Home Doctor NewsMental health Study gives better knowledge of how OCD develops and may lead to improved treatment options

Study gives better knowledge of how OCD develops and may lead to improved treatment options

by Pragati Singh
human

A behavioural model was utilised by researchers to better understand the origins of obsessive-compulsive disorder. They demonstrated that when learning parameters for reinforcement and punishment are significantly out of balance, the cycle of obsession and compulsion can be exacerbated. This study might lead to better mental health treatments.

Obsessive-compulsive disorder (OCD) might be viewed as a result of uneven learning between reward and punishment, according to researchers from Nara Institute of Science and Technology (NAIST), Advanced Telecommunications Research Institute International, and Tamagawa University.
They demonstrated that asymmetries in brain computations that relate present results to previous actions can lead to disordered behaviour using actual testing of their theoretical model.

This can occur when the memory trace signal for previous activities decays differentially for good and poor results. In this situation, “good” indicates that the outcome was better than predicted, while “bad” indicates that it was worse than expected. This research contributes to our understanding of how OCD develops.

OCD as mental condition

OCD is a mental condition characterised by intrusive and repetitive thoughts, known as obsessions, and specific repetitive activities, known as compulsions. Patients with OCD frequently feel helpless to modify their behaviour, even when they are aware that their obsessions or compulsions are unreasonable. In severe circumstances, these may leave the individual unable to lead a regular life.

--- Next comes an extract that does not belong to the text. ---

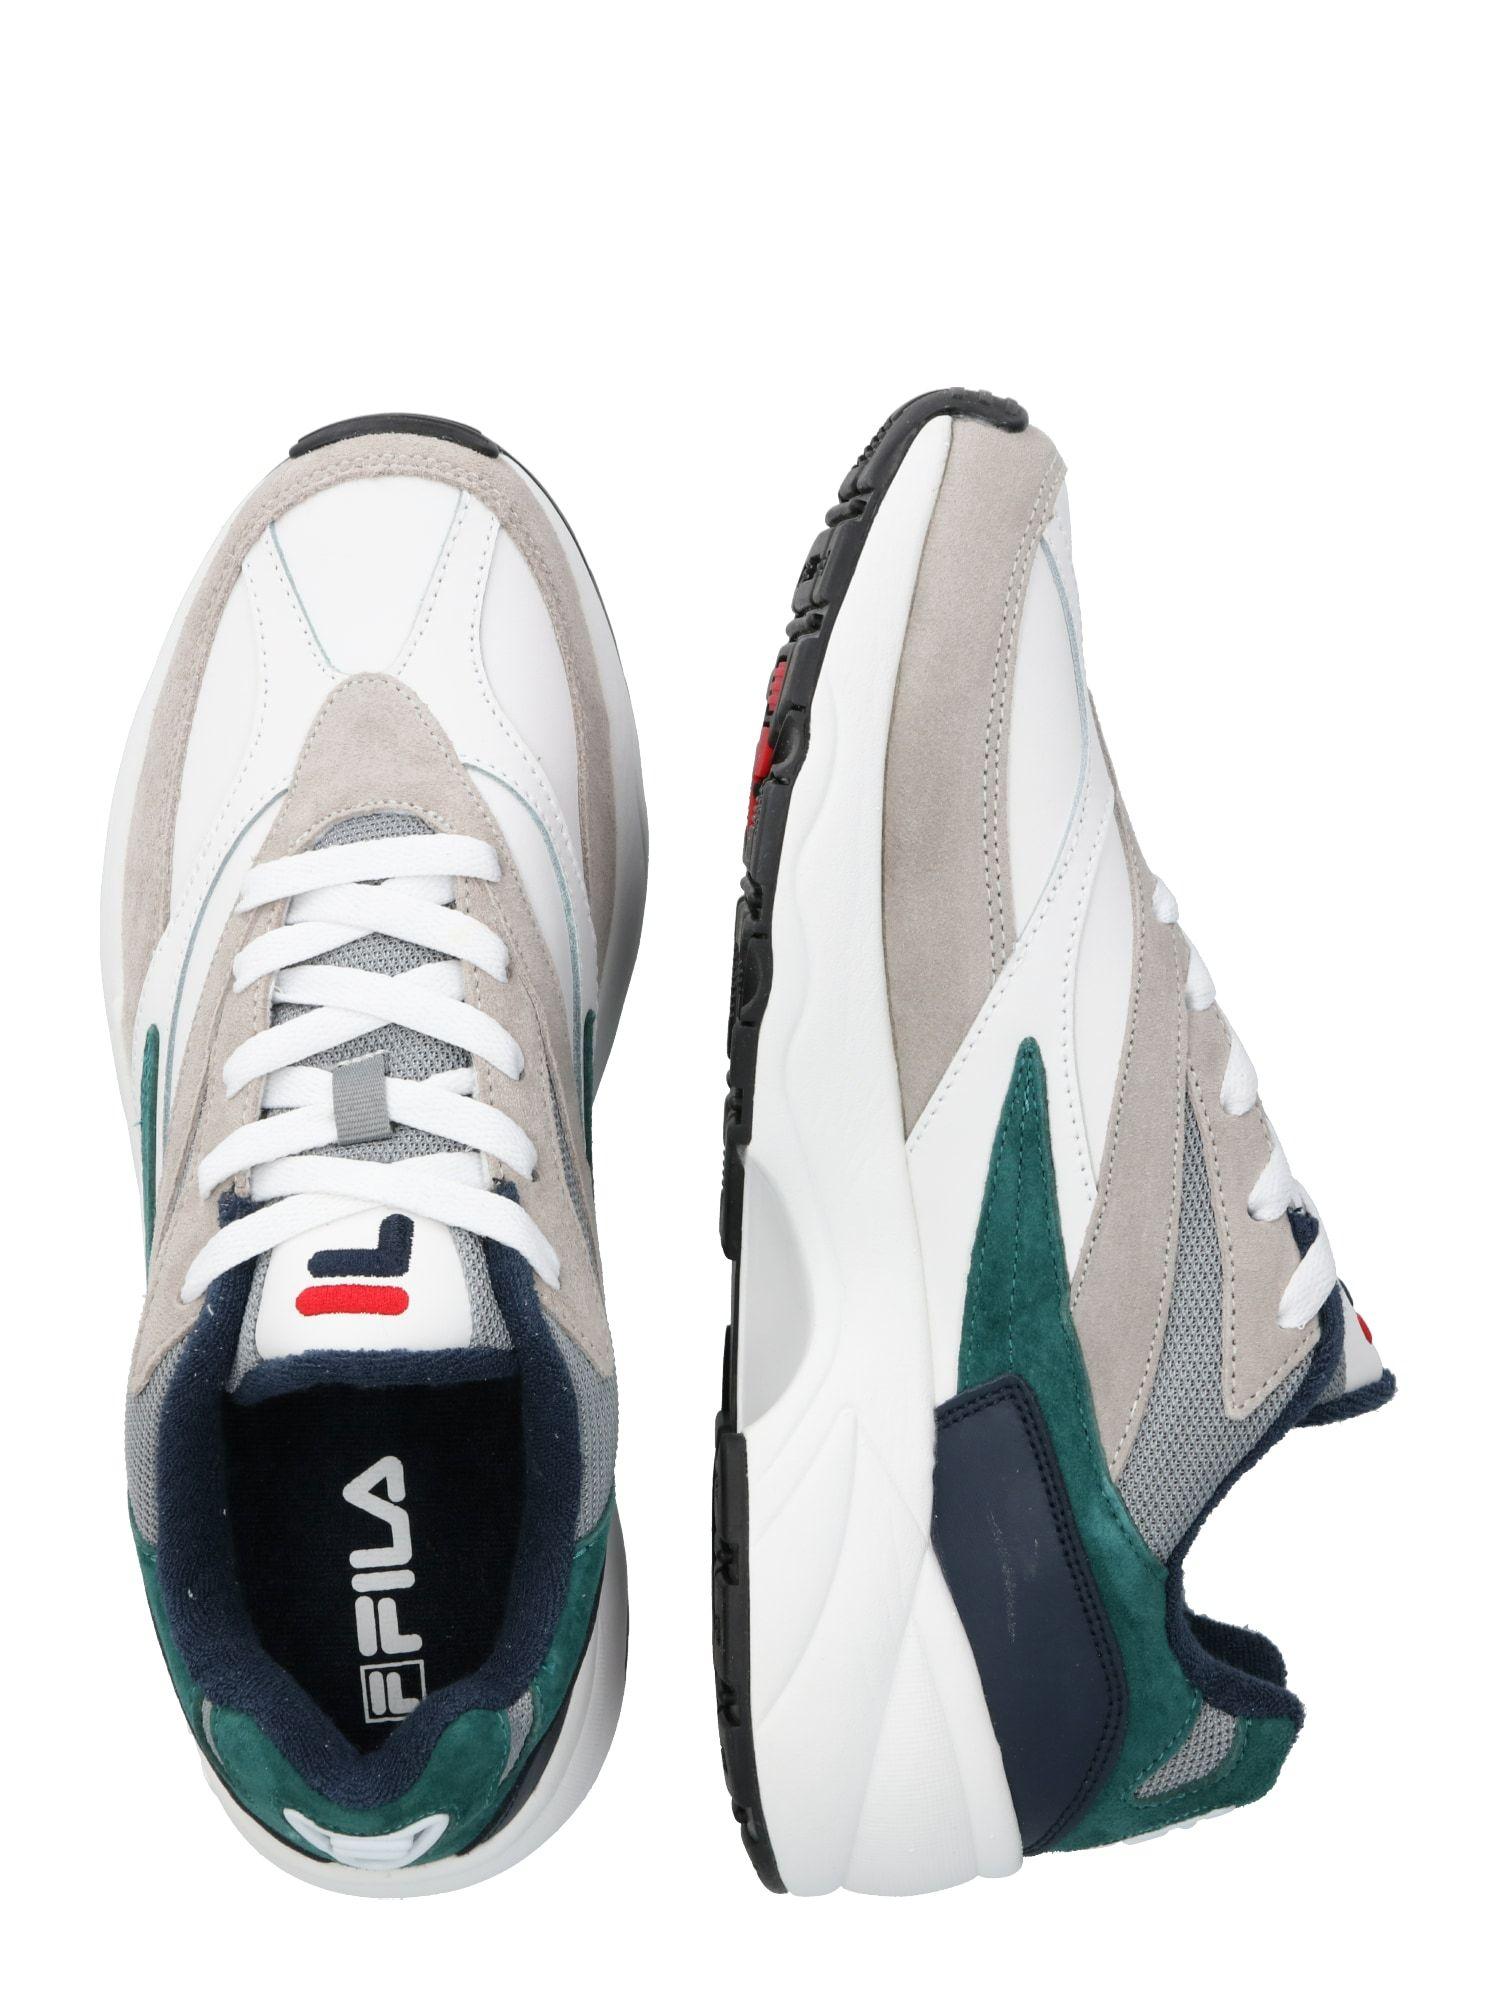 FILA Sneaker 'V94M L low' Herren, Dunkelblau Grau Grün

Compulsive behaviours, such as frequent hand washing or constantly checking if doors are secured before leaving the house, are attempts to ease anxiety produced by obsessions. However, the mechanism by which the cycle of obsessions and compulsions is intensified was previously unknown.

NAIST researchers have now employed reinforcement learning theory to describe the chaotic cycle associated with OCD. In this approach, a better-than-expected event becomes more likely (positive prediction error), while a worse-than-expected outcome is suppressed (negative prediction error). Delays and positive/negative prediction mistakes must also be considered when using reinforcement learning.

In general, the consequence of particular option is available after specific amount of time. 
As result, recent choices within specific time range should be allocated reinforcement and punishment. 
In reinforcement learning theory, this is known as credit assignment, and it is implemented as memory trace.
Memory trace signals for prior actions should decrease at the same rate for both positive and negative prediction mistakes. 
This, however, cannot be fully realised in discrete neural networks. 
Using simulations, NAIST researchers discovered that when the trace decay factor for memory traces of past actions associated to negative prediction mistakes (n-) is considerably less than that for positive prediction errors (n+), agents unconsciously adopt obsessive-compulsive behaviour.

This indicates that, when it comes to negative prediction mistakes, the view of previous activities is substantially smaller than when it comes to positive prediction errors. “With uneven trace decay variables (n+ > n-), our model successfully reflects the vicious loop of obsession and compulsion characteristic of OCD,” co-first authors Yuki Sakai and Yutaka Sakai explain.

The researchers put this hypothesis to the test by having 45 OCD sufferers and 168 healthy control volunteers play a computer-based game with monetary incentives and punishments. Patients with OCD had considerably lower n- compared to n+, as expected by OCD computational features. Furthermore, serotonin enhancers, which are first-line drugs for the treatment of OCD, adjusted the unbalanced setting of trace decay factors (n+ > n-).

“Although people believe we always make sensible judgments, our computer model shows that we occasionally unintentionally promote maladaptive behaviours,” explains Saori C. Tanaka, the corresponding author.

Although identifying treatment-resistant patients solely on clinical symptoms is currently problematic, this computational model predicts that individuals with significantly unbalanced trace decay variables may not respond to behavioural therapy alone. These findings might one day be utilised to predict which individuals would be resistant to behavioural therapy before treatment begins.